Would you output the entries below only from the line containing "Condition: Age related" through the line containing "Height 30cm/11.77", exactly as they stand and with both ends included?

▶ [ENTRIES SUPPLIED]:
□ □ □

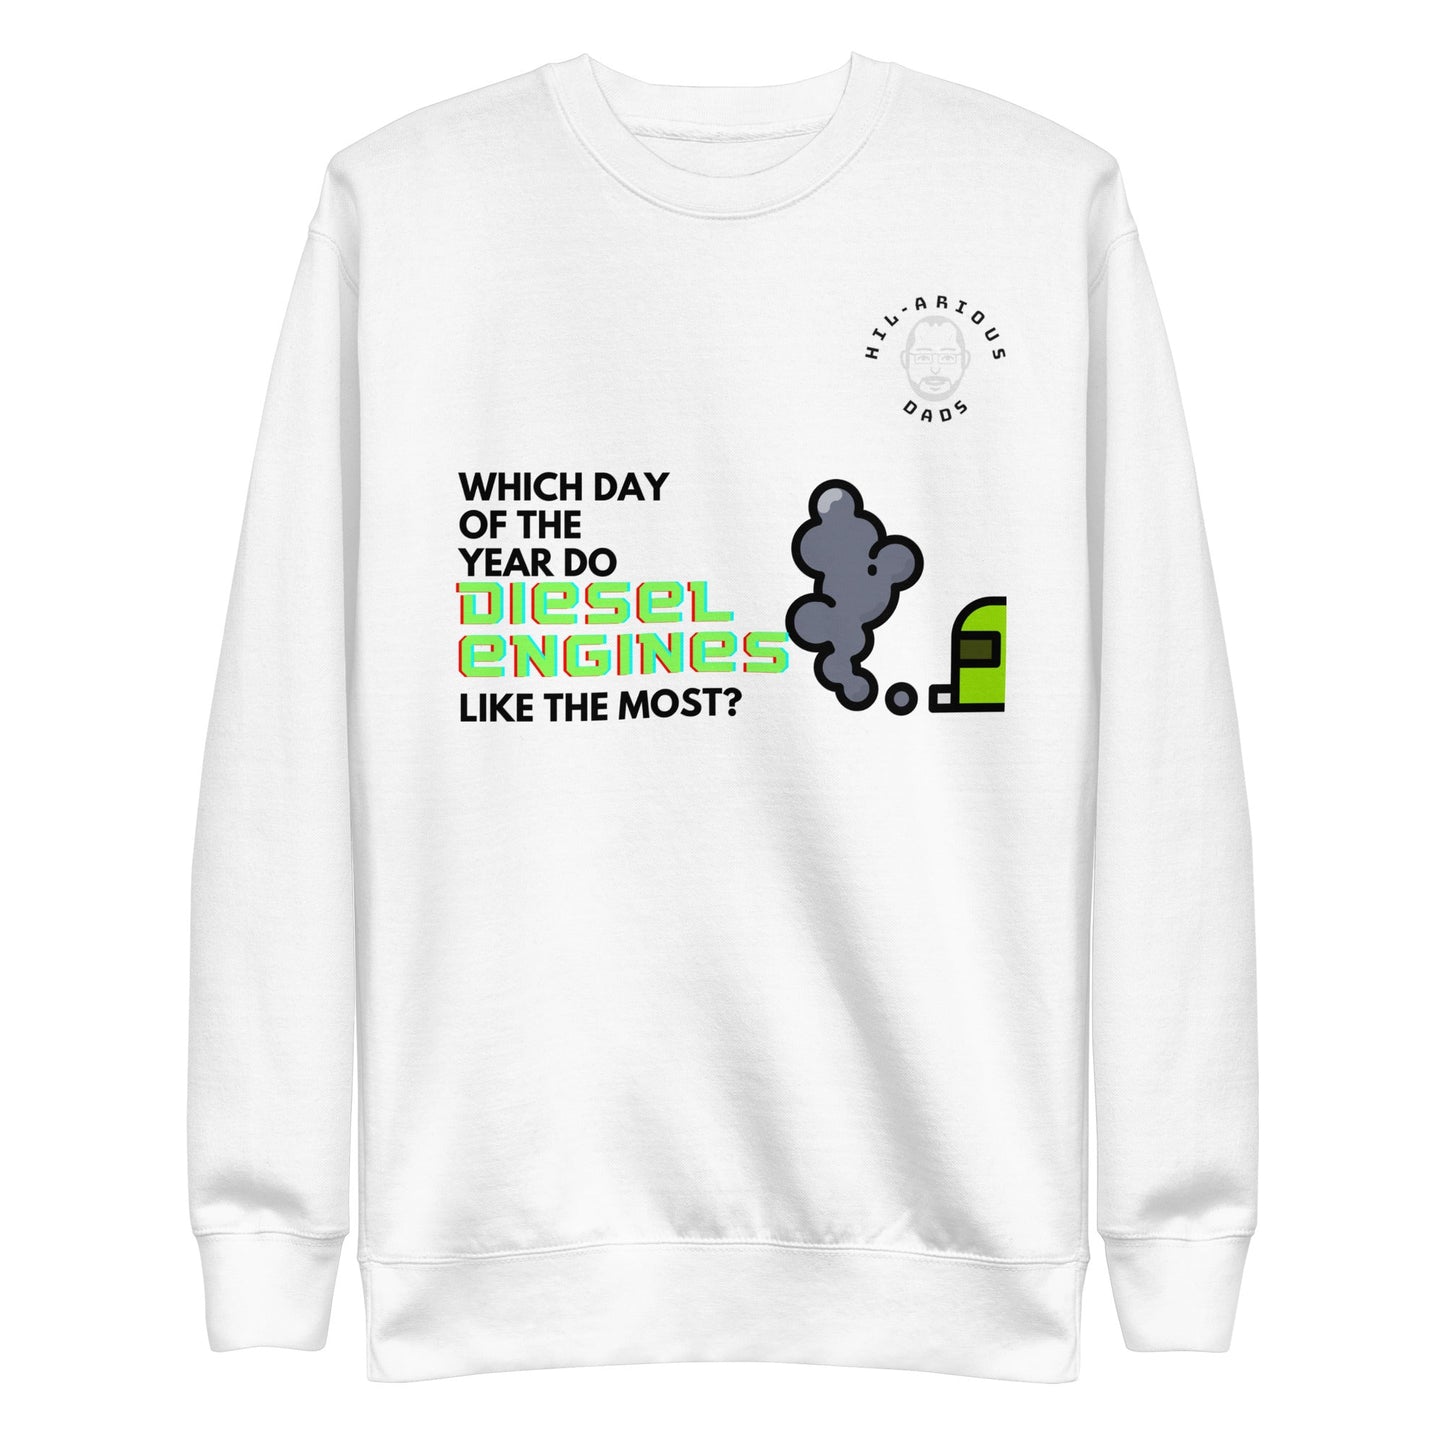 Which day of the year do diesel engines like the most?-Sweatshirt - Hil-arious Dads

□ □ □

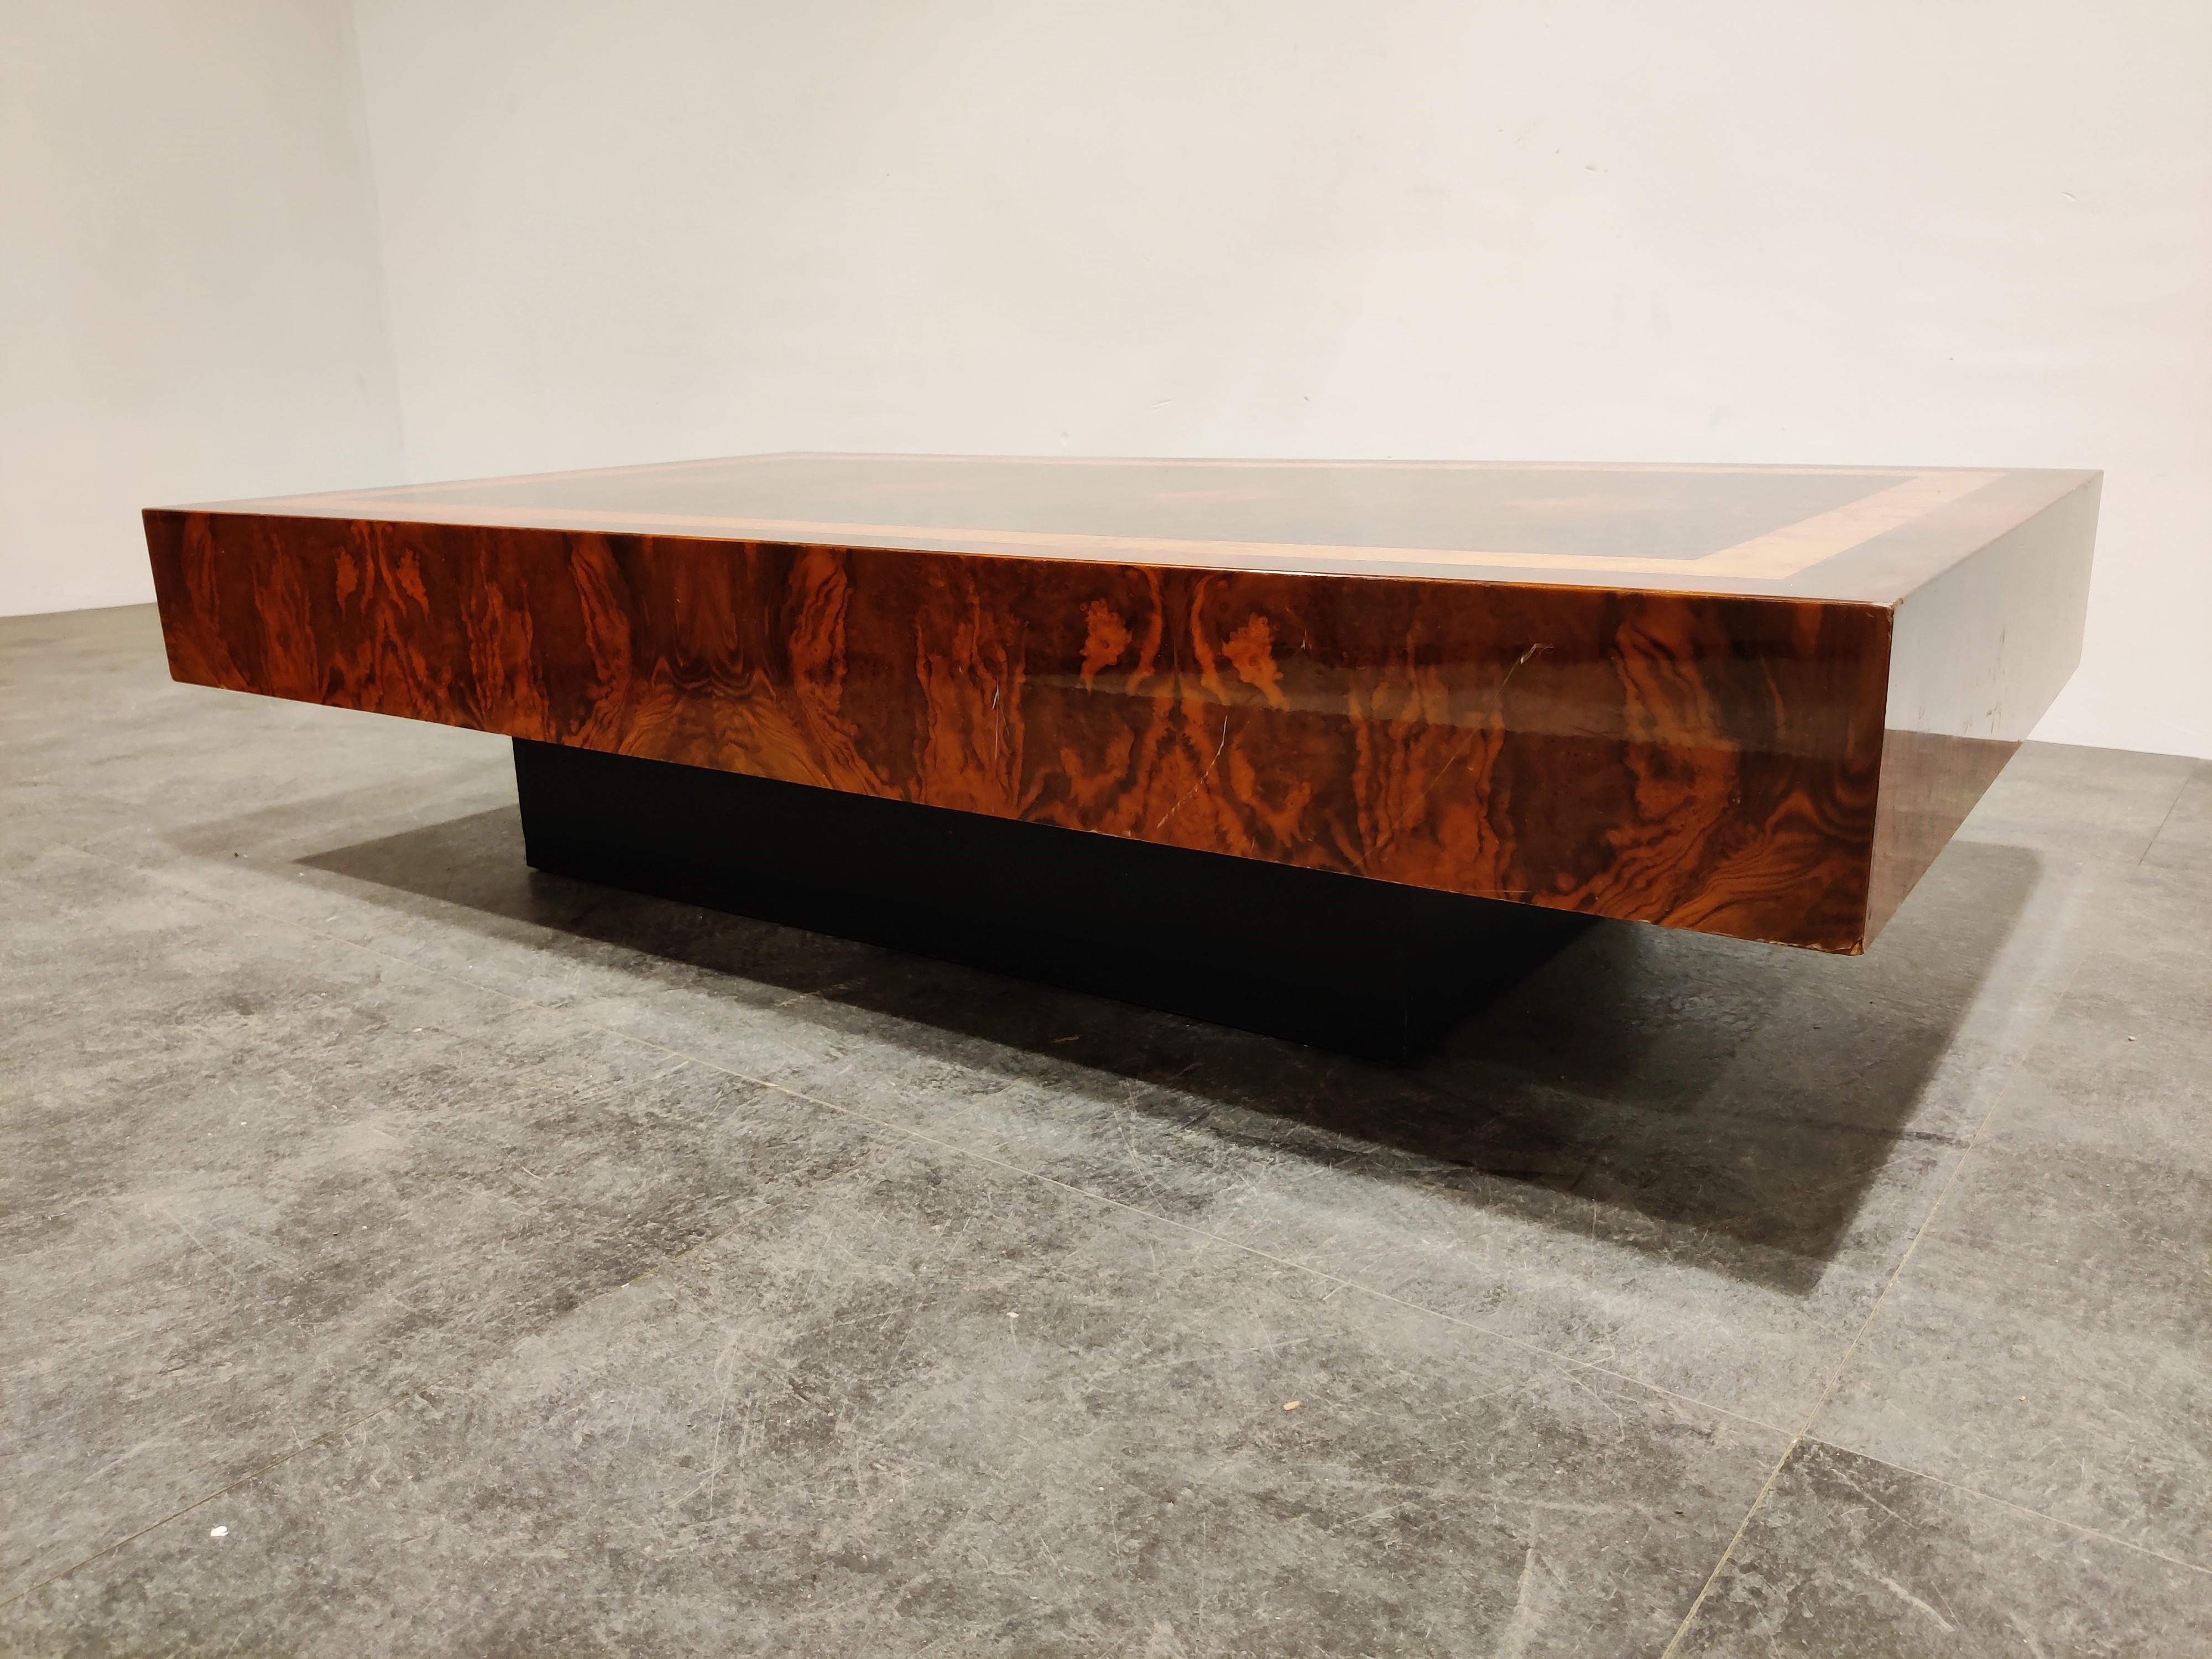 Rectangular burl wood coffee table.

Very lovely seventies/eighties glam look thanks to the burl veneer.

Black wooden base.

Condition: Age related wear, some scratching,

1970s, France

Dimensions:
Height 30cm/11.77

□ □ □

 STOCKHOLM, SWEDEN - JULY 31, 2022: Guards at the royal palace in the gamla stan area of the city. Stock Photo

□ □ □

▶ [RESPONSE]:
Condition: Age related wear, some scratching,

1970s, France

Dimensions:
Height 30cm/11.77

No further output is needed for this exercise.